Le prix permet alors de stabiliser les quantités offertes et demandées et devient indispensable pour rendre compte du besoin des consommateurs vis-à-vis des entreprises : le prix joue un rôle d’intermédiaire. On parle alors de régulation de l’économie par le prix. C’est pourquoi les libéraux pensent que l’Etat ne doit pas intervenir car il ne correspondrait alors pas aux besoins naturels et spontanés des individus et que les prix ne doivent être fixés par aucune personne morale ou physique

Ce type de marché parfait n’existe pas, il faut le créer, diraient les libéraux. Ce modèle répondrait alors aux règles strictes et irréalistes du marché en concurrence pure et parfaite (CCP). C’est d’ailleurs le rôle de l’Union Européenne que de faire respecter ces règles. Au sein de cette union, la concurrence doit être libre (= aucun secteur d’activité réservé à tel ou tel individu en particulier) et non faussée (=aucun privilège ne doit être entreprit par des Etats vis-à-vis des entreprises nationales au détriment des entreprises étrangères). De même,  la consommation doit être au service du consommateur en affichant un triple bénéfice : liberté de choix, baisse des prix et hausse de la qualité. Il est important de noter que cette situation est impossible en monopole, dénoncé par les libéraux.  Le libéralisme, étant source de progrès, ce dernier génère de la concurrence qui met fin au monopole.  En définitive, le libéralisme démocratise le marché : dans le cadre de l’UE, l’Etat n’est plus garant du bien commun, le consommateur est alors libre d’agir sur le marché, en fonction de ses propres intérêts égoïstes.

Mais le libéralisme n’est pas sans risque ! Le marché agrandit l’écart entre les meilleurs et les plus mauvais, les inégalités augmentent alors, le principe d’équité n’est alors plus respecté. De plus, paradoxalement, le marché impose aux individus de vivre en tant que consommateur et ceci contre leur gré. En outre, le marché est un mécanisme instable lors de perturbations exogènes (négatives) agissant sur l’offre et/ou la demande, et où le prix d’équilibre ne peut plus être garantit. Enfin, celui-ci peut alimenter les déséquilibrages à l’instar des marchés financiers et la spéculation (radicalement en opposition avec le principe de stabilité).

Ce « laissez-faire » (baisse des salaires, hausse du chômage) des libéraux n’est pas une solution selon Keynes mais un danger de grande ampleur.

L’alternative keynésienne : le circuit

 Pour John Maynard Keynes (1883-1946), le marché ne peut réguler lui-seul l’économie. Keynes postule que l’individualisme est à l’origine du chômage.
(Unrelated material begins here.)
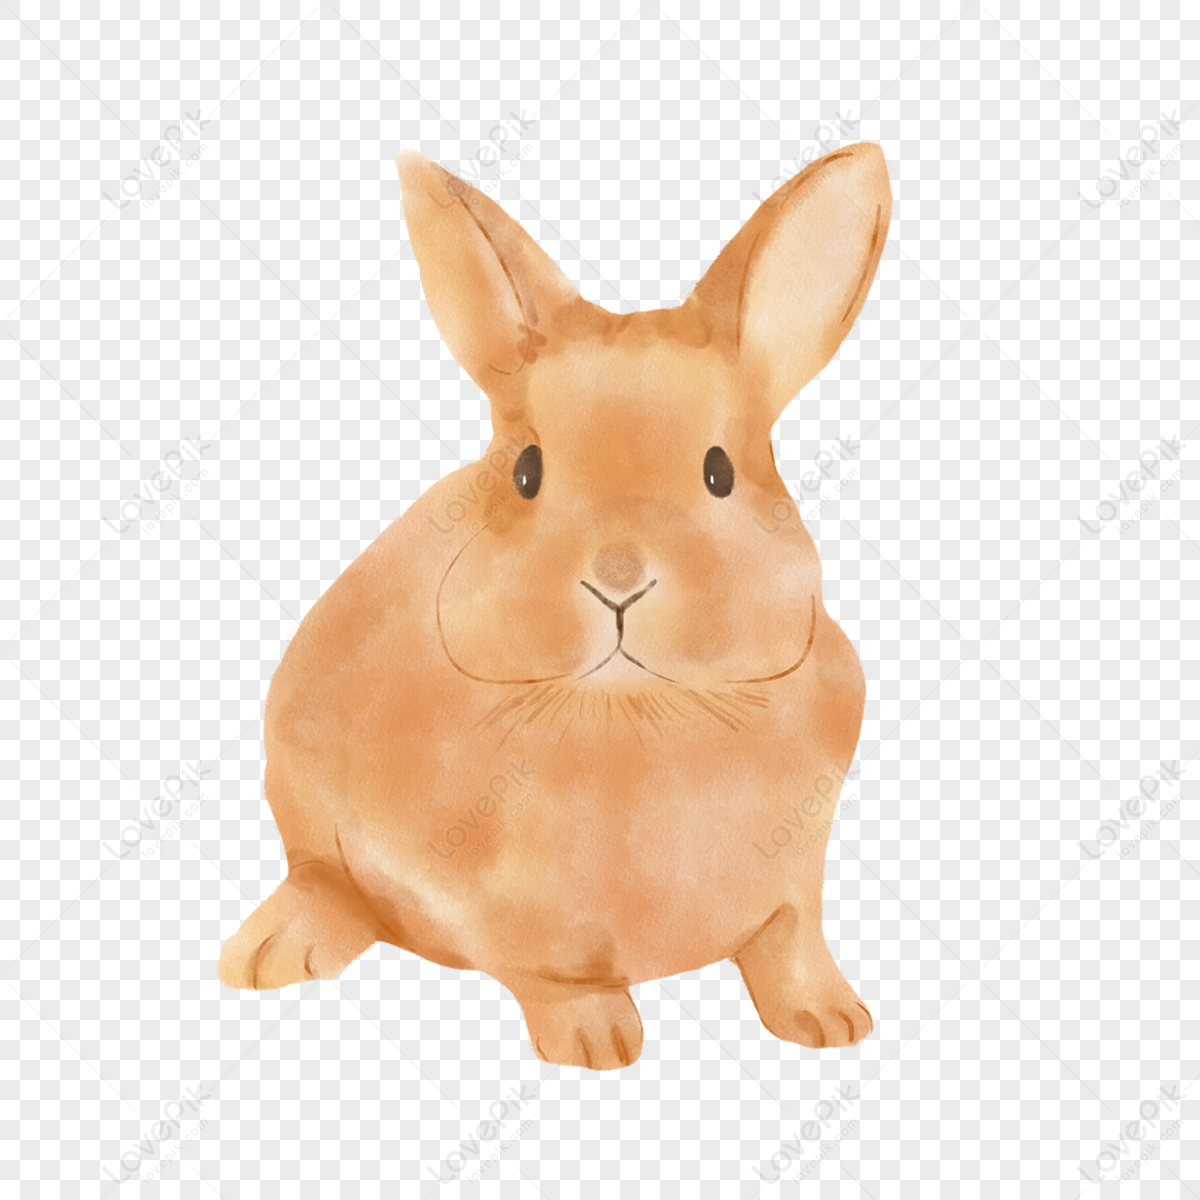 Watercolor vacuctous animal rabbit,bloom,cute,anime png hd transparent image

Ainsi, les consommateurs raisonnent en termes de coût et avantage et cherchent à défendre avant tout autre chose leurs propres intérêts. A cela, l’auteur de la Théorie générale de l’emploi, de l’intérêt et de la monnaie (1936) ajoute que les invendus et le chômage sont les caractéristiques premières d’une économie de marché et que celle-ci s’accompagne également de crise et de déficits ; venant ainsi « casser » le modèle idéal des libéraux. Keynes va même jusqu’à dire que le marché peut s’auto détruire : l’équilibre n’est pas toujours garantit car l’offre n’est pas toujours égale à la demande. Le plein emploi n’est alors pas assuré.  Selon l’économiste de Bretton-Woods, les entrepreneurs sont au cœur du système. En effet, ces derniers peuvent décider aussi bien de relancer l’économie (par l’innovation et in fine la création d’emploi) que de la tuer (fermeture d’usines et licenciement). Ces entrepreneurs adoptent un comportement rationnel car ils souhaitent prendre la meilleure décision pour leurs intérêts. Keynes préconise donc une intervention des pouvoirs publics et de la banque centrale pour mettre en œuvre un déséquilibre nécessaire du marché afin que celui n’agisse plus seul.  C’est en ce point précis qu’il se distingue des économistes de l’école classique.